それにしても、誰も続編なんて求めていない今頃になって、なぜ。
それはわたしにもよくわかりません。
なぜだか、パズルのピースがかちりとはまってしまった。なんだかそんな感じ。
でも、まあ、そうはいっても、続編といったって、十五年も経っているし、前二作の中心だった市子たちの世代から美月へと世代交代しているし、単独で読んでくださって全然OK。

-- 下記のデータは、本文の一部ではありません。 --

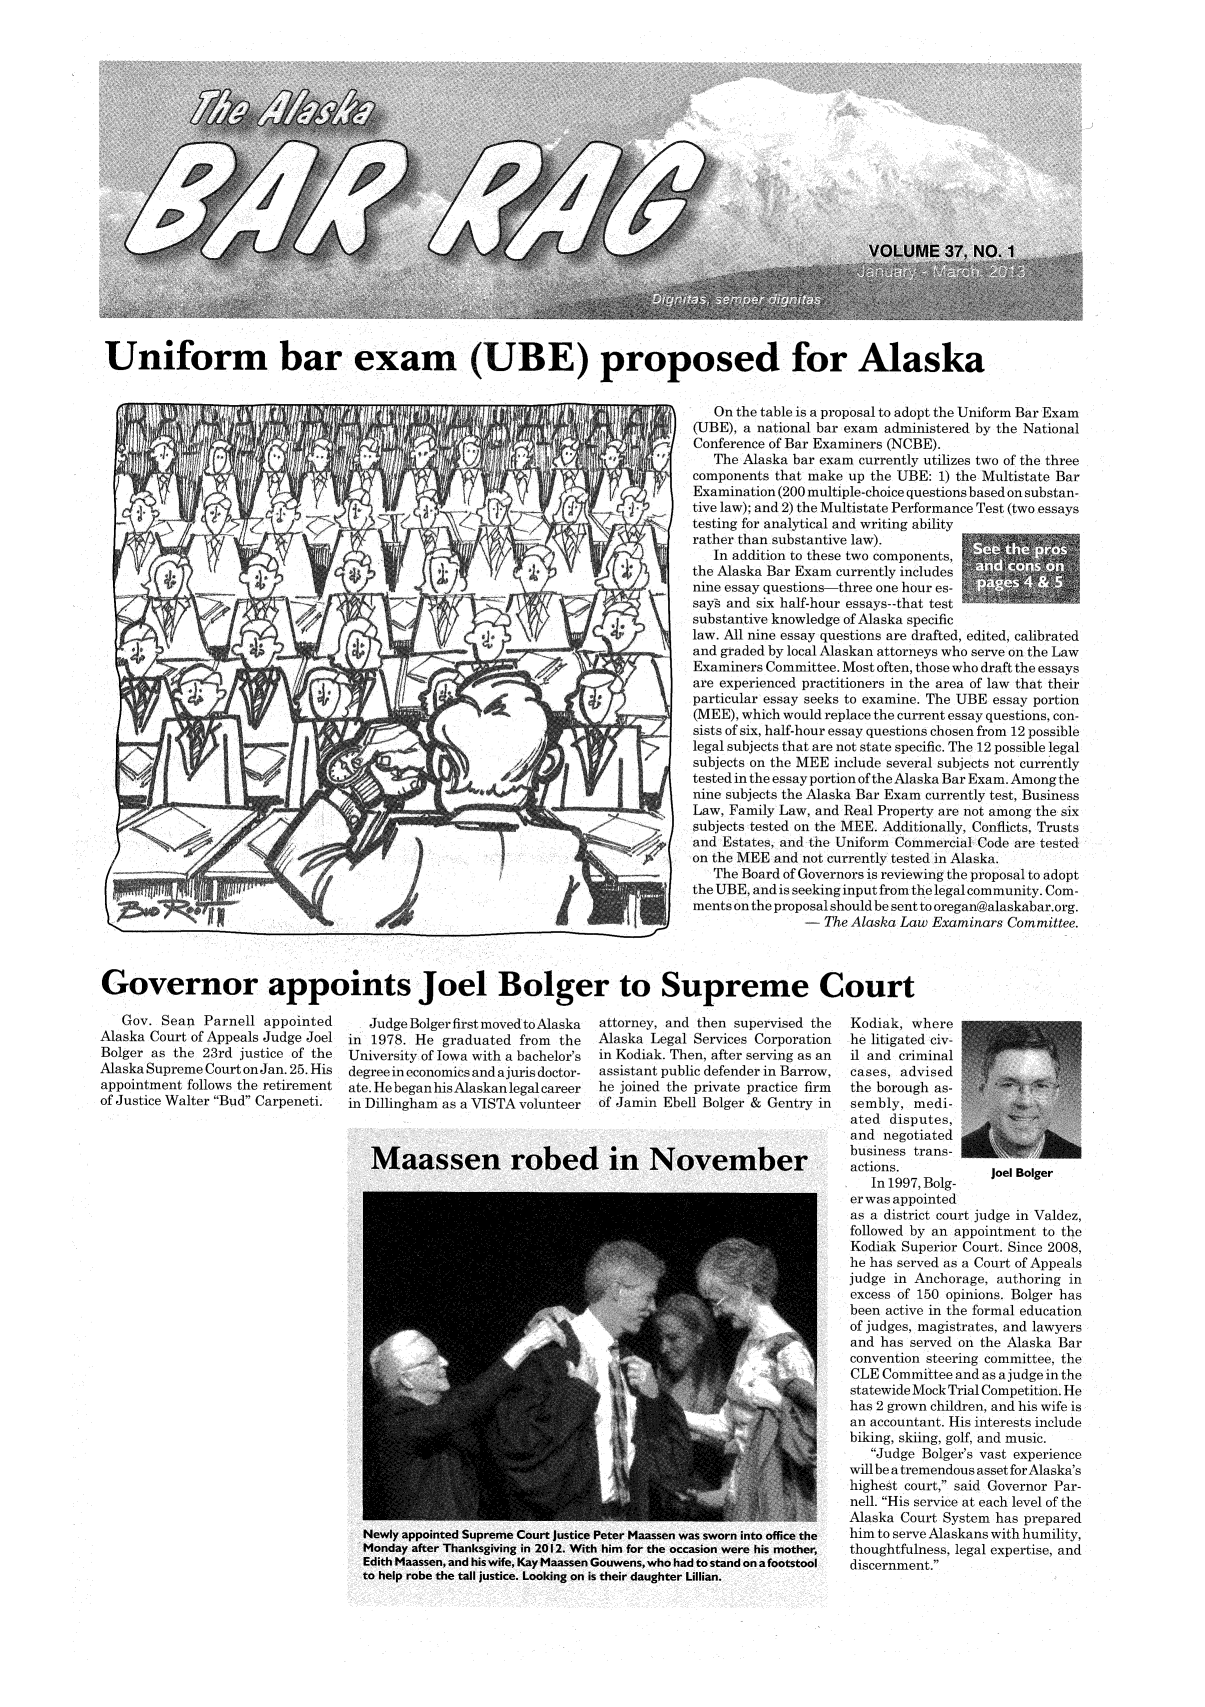 handle is hein.barjournals/askabar0037 and id is 1 raw text is: Uniform bar exam (UBE) proposed for Alaska
On the table is a proposal to adopt the Uniform Bar Exam
(UBE), a national bar exam administered by the National
Conference of Bar Examiners (NCBE).
The Alaska bar exam currently utilizes two of the three
Y/ p;  components that make up the UBE: 1) the Multistate Bar
Examination (200 multiple-choice questions based on substan-
tive law); and 2) the Multistate Performance Test (two essays
testing for analytical and writing ability
rather than substantive law).
In addition to these two components,
the Alaska Bar Exam currently includes
nine essay questions  three one hour es-
4says and six half-hour essays--that test
substantive knowledge of Alaska specific
law. All nine essay questions are drafted, edited, calibrated
and graded by local Alaskan attorneys who serve on the Law
Examiners Committee. Most often, those who draft the essays
are experienced practitioners in the area of law that their
particular essay seeks to examine. The UBE essay portion
0(MEE), which would replace the current essay questions, con-
sists of six, half-hour essay questions chosen from 12 possible
>      legal subjects that are not state specific. The 12 possible legal
subjects on the MEE include several subjects not currently
tested in the essay portion of the Alaska Bar Exam. Among the
nine subjects the Alaska Bar Exam currently test, Business
Law, Family Law, and Real Property are not among the six
subjects tested on the MEE.'Additionally, Conflicts,'Trusts
A !  tand Estates, and the Uniform Commercial Code are tested
on the MEE and not currently tested in Alaska.
The Board of Governors is reviewing the proposal to adopt
the UBE, and is seeking input from the legal community. Com-
ments on the proposal should be sent to oregan@alaskabar.org.
- The Alaska Law Examinars Committee.
Governor appoints Joel Bolger to Supreme Court

Gov. Sean Parnell appointed
Alaska Court of Appeals Judge Joel
Bolger as the 23rd justice of the
Alaska Supreme Court on Jan. 25. His
appointment follows the retirement
of Justice Walter Bud Carpeneti.

Judge Bolger first moved to Alaska
in 1978. He graduated from the
University of Iowa with a bachelor's
degree in economics and ajuris doctor-
ate. He began his Alaskan legal career
in Dillingham as a VISTA volunteer

attorney, and then supervised the
Alaska Legal Services Corporation
in Kodiak. Then, after serving as an
assistant public defender in Barrow,
he joined the private practice firm
of Jamin Ebell Bolger & Gentry in

Kodiak, where
he litigated civ-
il and criminal
cases, advised
the borough as-                i
sembly, medi-                  i
ated disputes,
and negotiated
business trans-Af
actions.          Joel Bolger
In 1997, Bolg-
er was appointed
as a district court judge in Valdez,
followed by an appointment to the
Kodiak Superior Court. Since 2008,
he has served as a Court of Appeals
judge in Anchorage, authoring in
excess of 150 opinions. Bolger has
been active in the formal education
of judges, magistrates, and lawyers
and has served on the Alaska Bar
convention steering committee, the
CLE Committee and as a judge in the
statewide Mock Trial Competition. He
has 2 grown children, and his wife is
an accountant. His interests include
biking, skiing, golf, and music.
Judge Bolger's vast experience
will be a tremendous asset for Alaska's
highest court, said Governor Par-
nell. His service at each level of the
Alaska Court System has prepared
him to serve Alaskans with humility,
thoughtfulness, legal expertise, and
discernment.



いや、むしろ、前作、前々作のことなど気にせず読んでいただきたい。
コロナで閉塞感いっぱいの毎日ですが、どこからだって扉は開く。
たとえば、葡萄からだって。
そんな思いも込めた『たとえば、葡萄』。
今すぐ、書かなくちゃ、という衝動に、正直に従って書いた小説です。
大島真寿美(おおしま・ますみ)
1962年愛知県名古屋市生まれ。1992年「春の手品師」で第74回文學界新人賞を受賞し、デビュー。2012年『ピエタ』で第9回本屋大賞第3位。2019年『渦 妹背山婦女庭訓 魂結び』で第161回直木三十五賞受賞。その他の著書に『虹色天気雨』『ビターシュガー』『戦友の恋』『それでも彼女は歩きつづける』『あなたの本当の人生は』『空に牡丹』『ツタよ、ツタ』『結 妹背山婦女庭訓 波模様』など多数。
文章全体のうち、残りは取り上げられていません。